Ignoring every picture, transcribe the data in full as it stands.

═════ Available data ═════

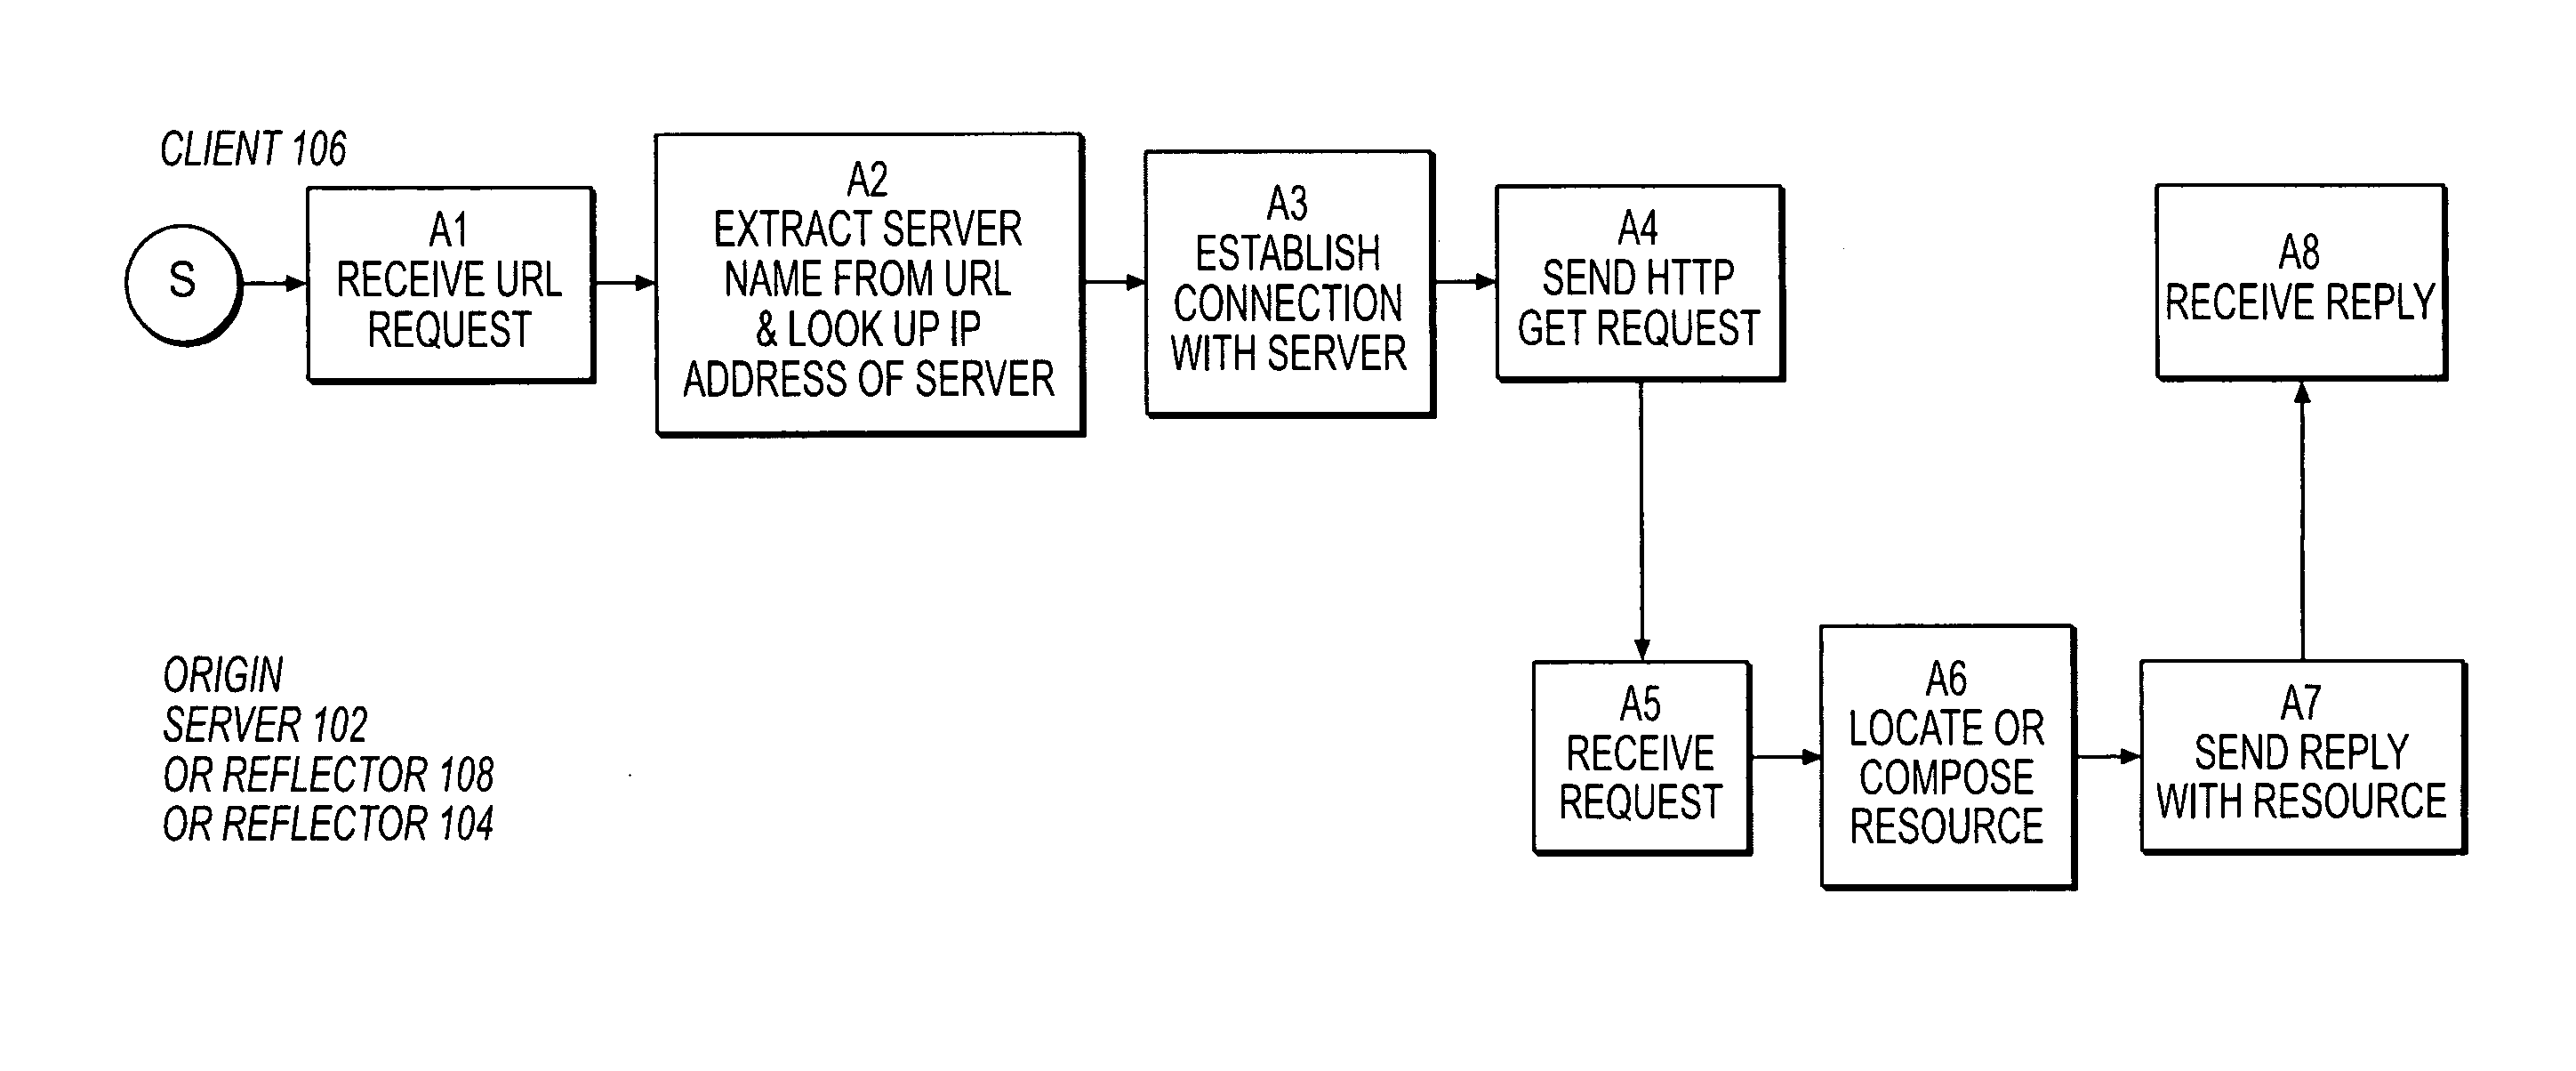 Resource invalidation in a content delivery network
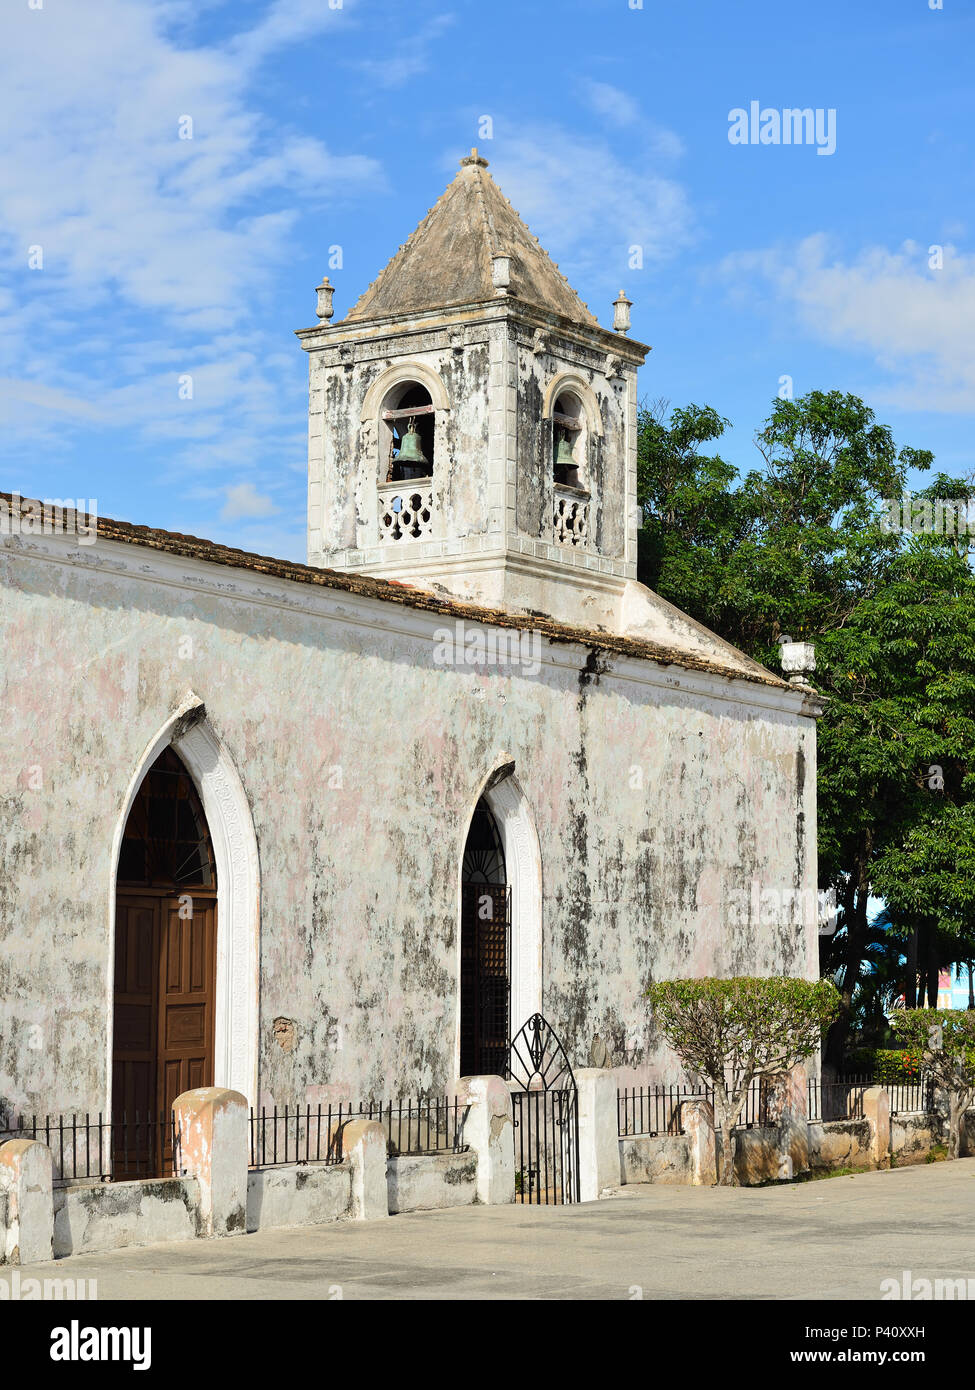 Facade of the of the  Catholic Church in the Las Tunas town on Cuba Stock Photo
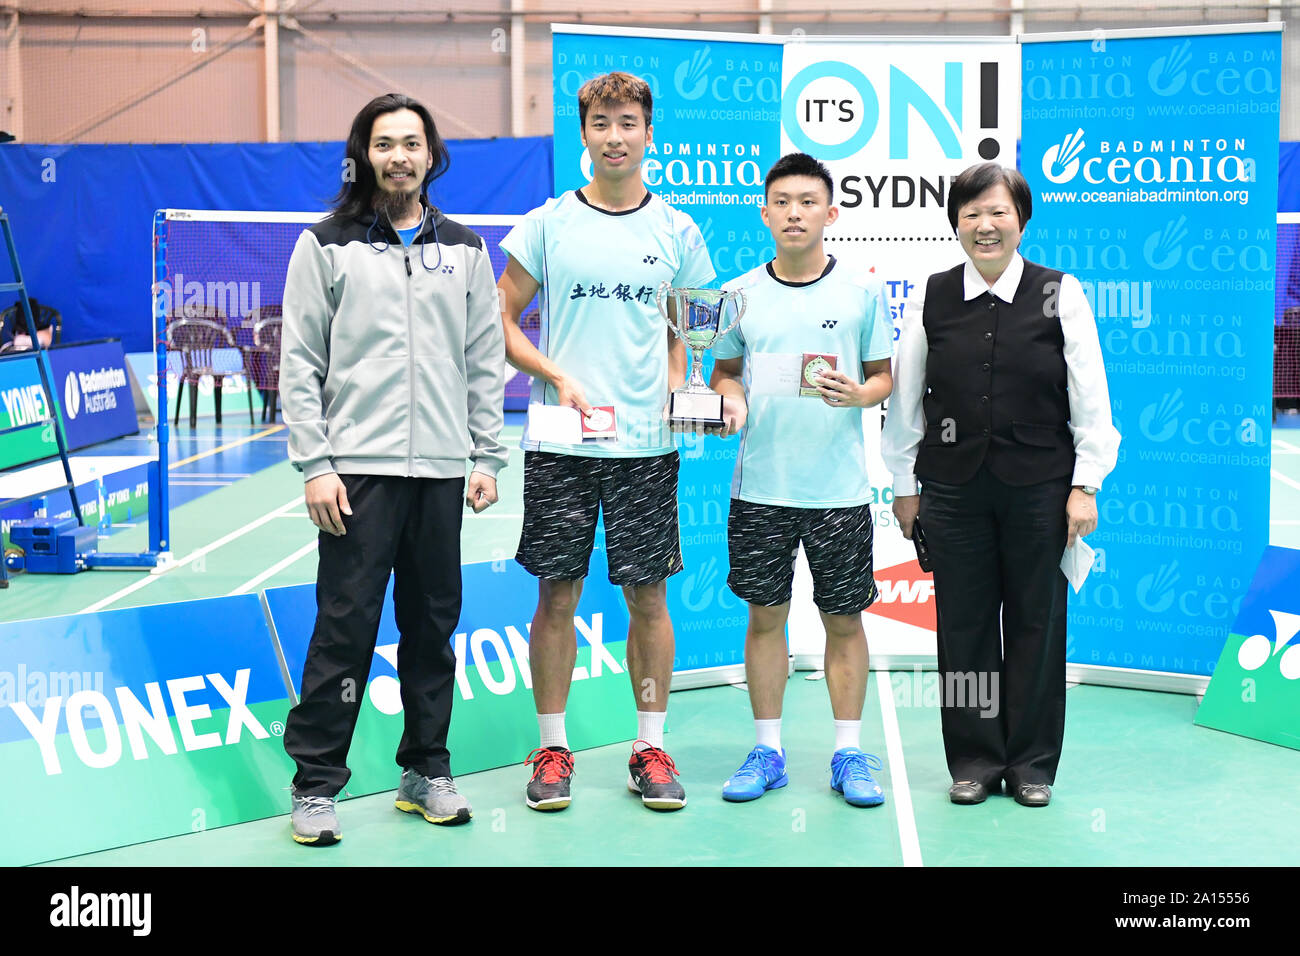 Chen Xin-Yuan and Lin Yu Chieh (Chinese Taipei) seen during the  Men's Single medal awarding ceremony of the 2019 Sydney International, Chen and Lin won the gold medal by defeating Alvin Morada and Peter Gabriel Magnaye (Philippines), 9-21, 21-11, 21-15.  From left to right: Yonex Australia area manager Michael Fariman, Chen, Lin and Badminton NSW President Carolyn Toh. Stock Photo

═════

* **Output**:
 Resource invalidation in a content delivery network
 Facade of the of the  Catholic Church in the Las Tunas town on Cuba Stock Photo
 Chen Xin-Yuan and Lin Yu Chieh (Chinese Taipei) seen during the  Men's Single medal awarding ceremony of the 2019 Sydney International, Chen and Lin won the gold medal by defeating Alvin Morada and Peter Gabriel Magnaye (Philippines), 9-21, 21-11, 21-15.  From left to right: Yonex Australia area manager Michael Fariman, Chen, Lin and Badminton NSW President Carolyn Toh. Stock Photo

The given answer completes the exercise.